Bell signaled the barman, who poured fresh doubles.

“Cheers! . . . Mr. Mapes, have you ever played a German?”

“Not in donkey’s years. Way back when I was too young to carry leads.”

“What sort of Germans did you play?”

“Villains. Heavies. Vhut utter Shermans ah zere?”

They took their drinks and wandered through the handsome club, which was hung with oil paintings of members, present and deceased, in famous roles, and decorated with costumes and stage props. Bell pointed out an empty space. “Waiting for you, perhaps?”

“More likely, my friend Vietor. He’s made a ‘sudden smash sensation’ in Alias Jimmy Valentine.”

“O. Henry’s safecracker story. My wife and I saw it on Broadway.”

“What did you think of Vietor’s reformed criminal?”

“I believed Jimmy Valentine intended to go straight. Even though I knew the short story, he had me worried for his fate.”

“He asked me to coach him in the role,” said Mapes. “Subduing the dark side of Vietor’s character was like pulling teeth. Now he’s touring your provinces, raking it in hand over fist. Hope for us all! When last I last saw him in New York, he was cadging drinks at the Waldorf-Astoria. Now he’s ready to return to England, equal parts rich and famous.”

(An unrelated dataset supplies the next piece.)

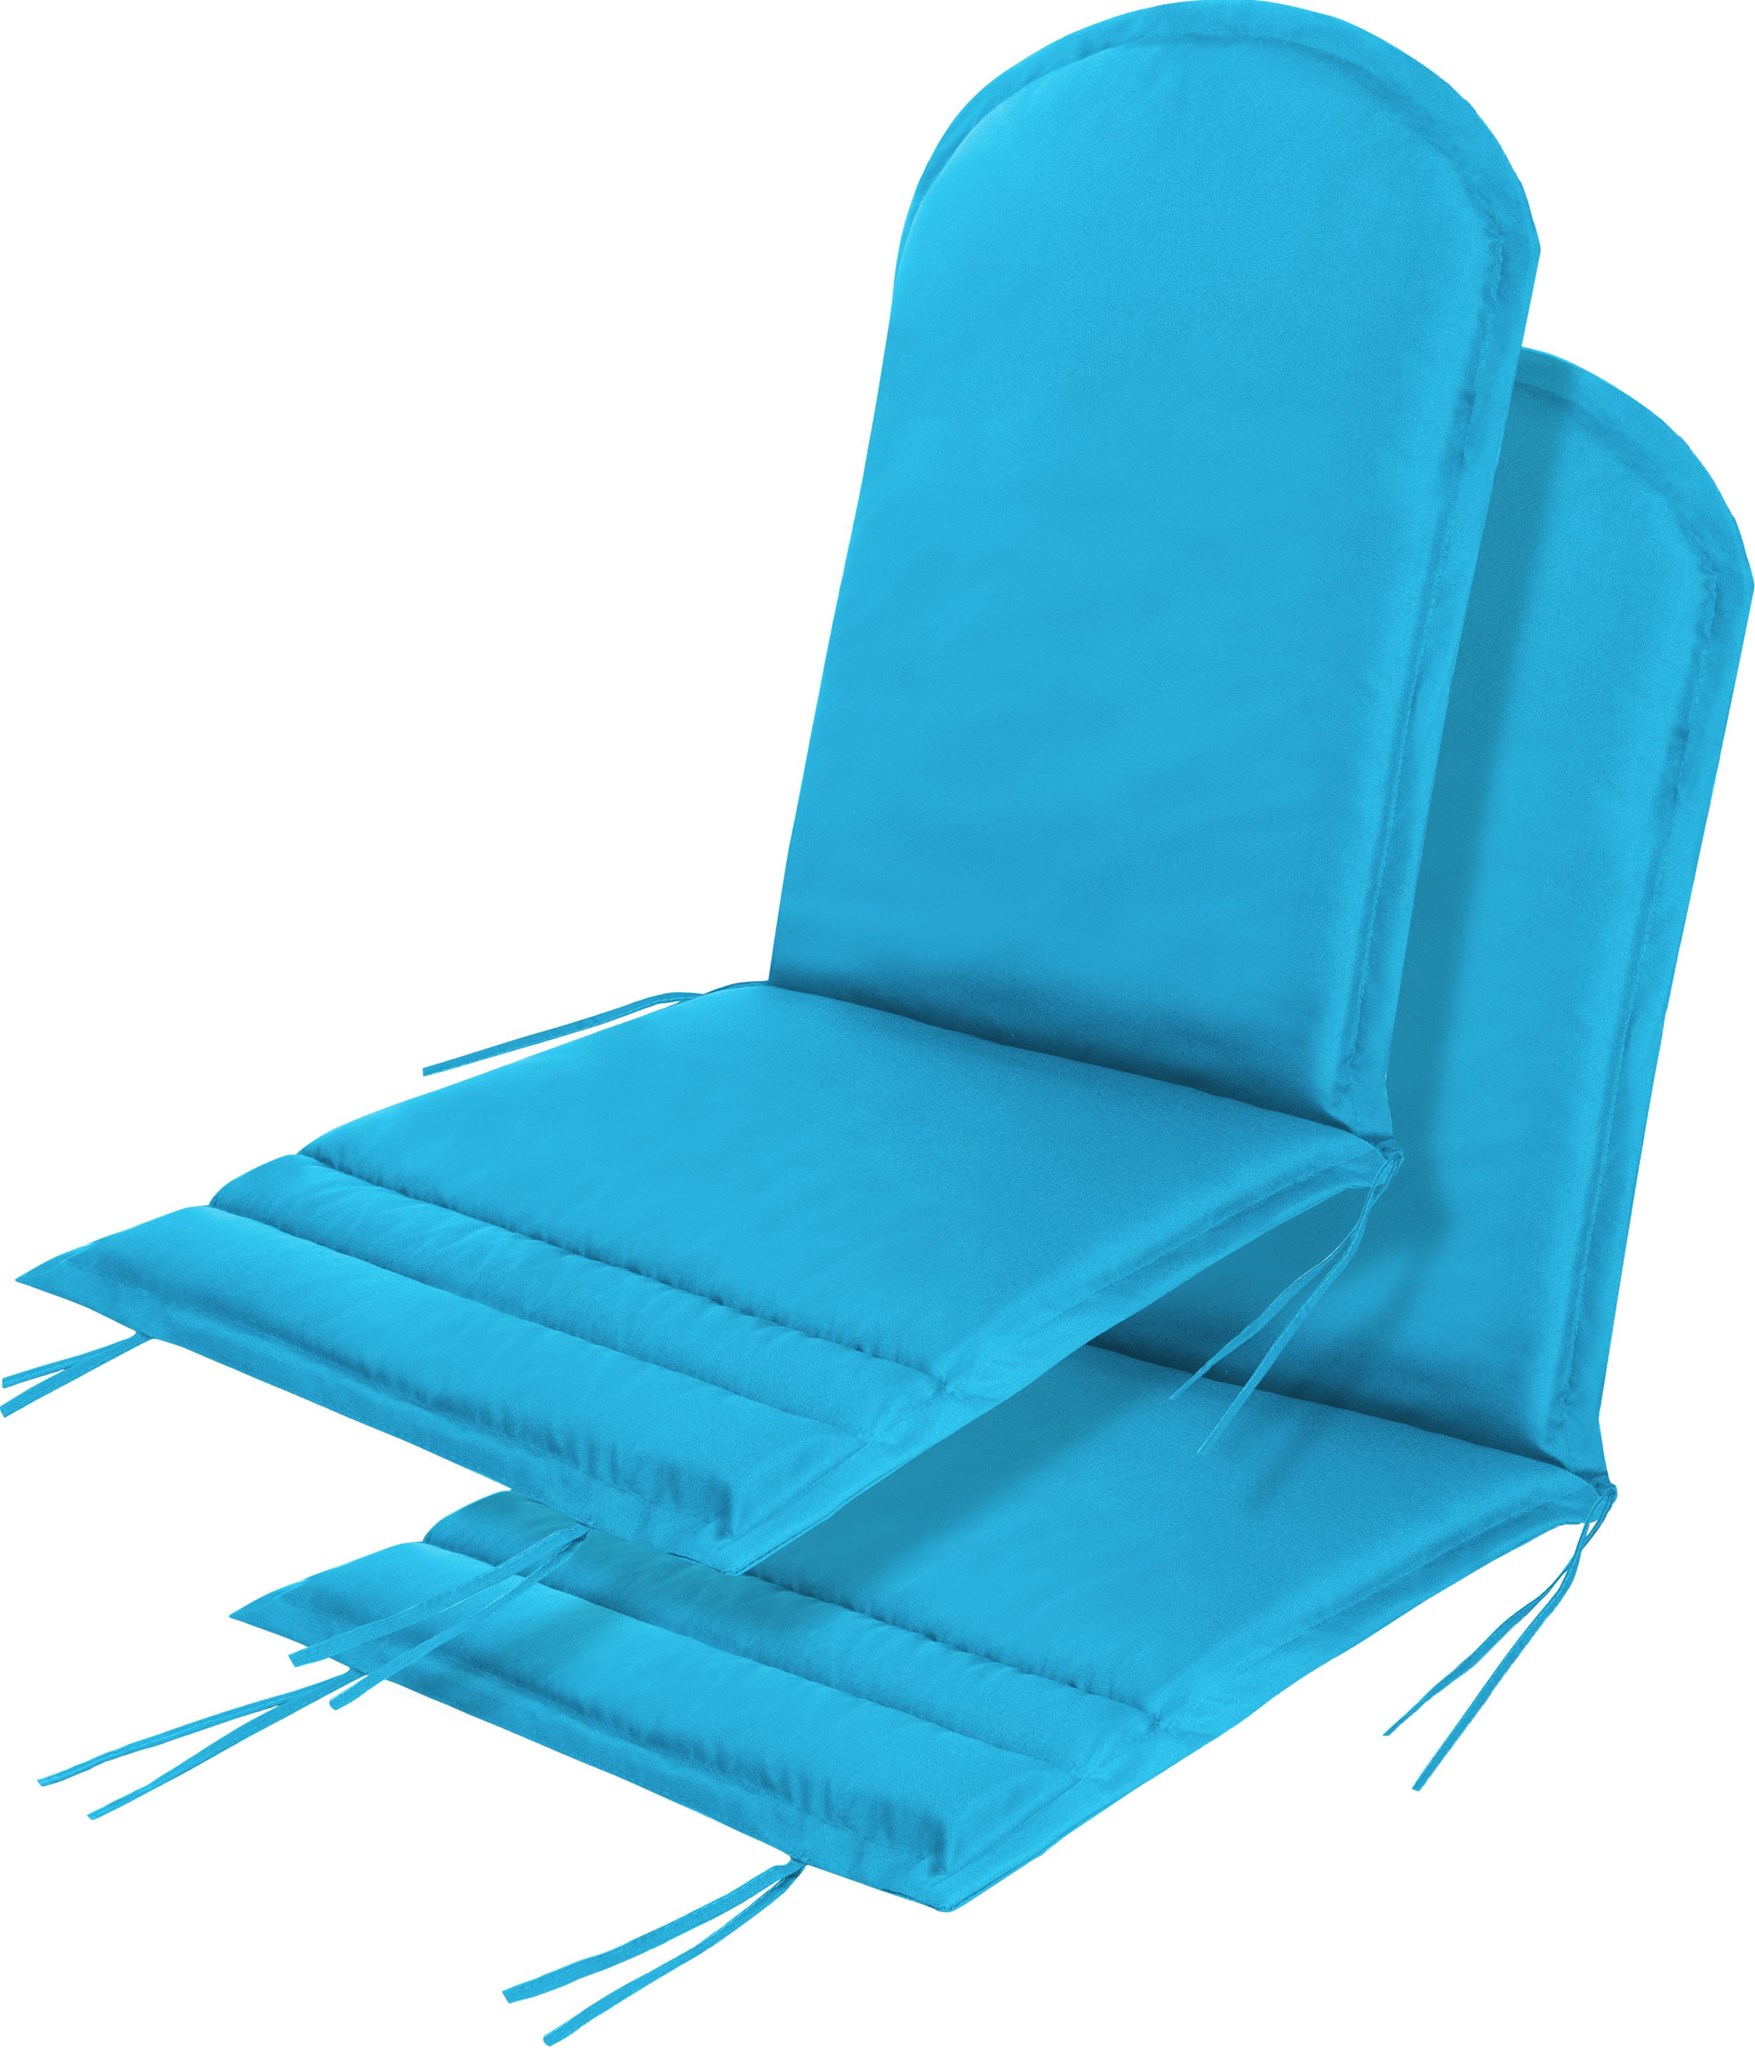 Bild von 2 x Stuhlauflage für Adirondack Gartenstuhl Türkis

In the well-appointed library, Bell found the privacy he was seeking. He had spent an hour in it earlier, poring through a collection of old programs, but had had no luck finding any from Wilton’s Music Hall. “Do you know anyone in the theater named Jack Spelvin?”

“No.”

“He was a callboy at Wilton’s back in the eighties.”

“You’re sure you don’t mean George Spelvin?”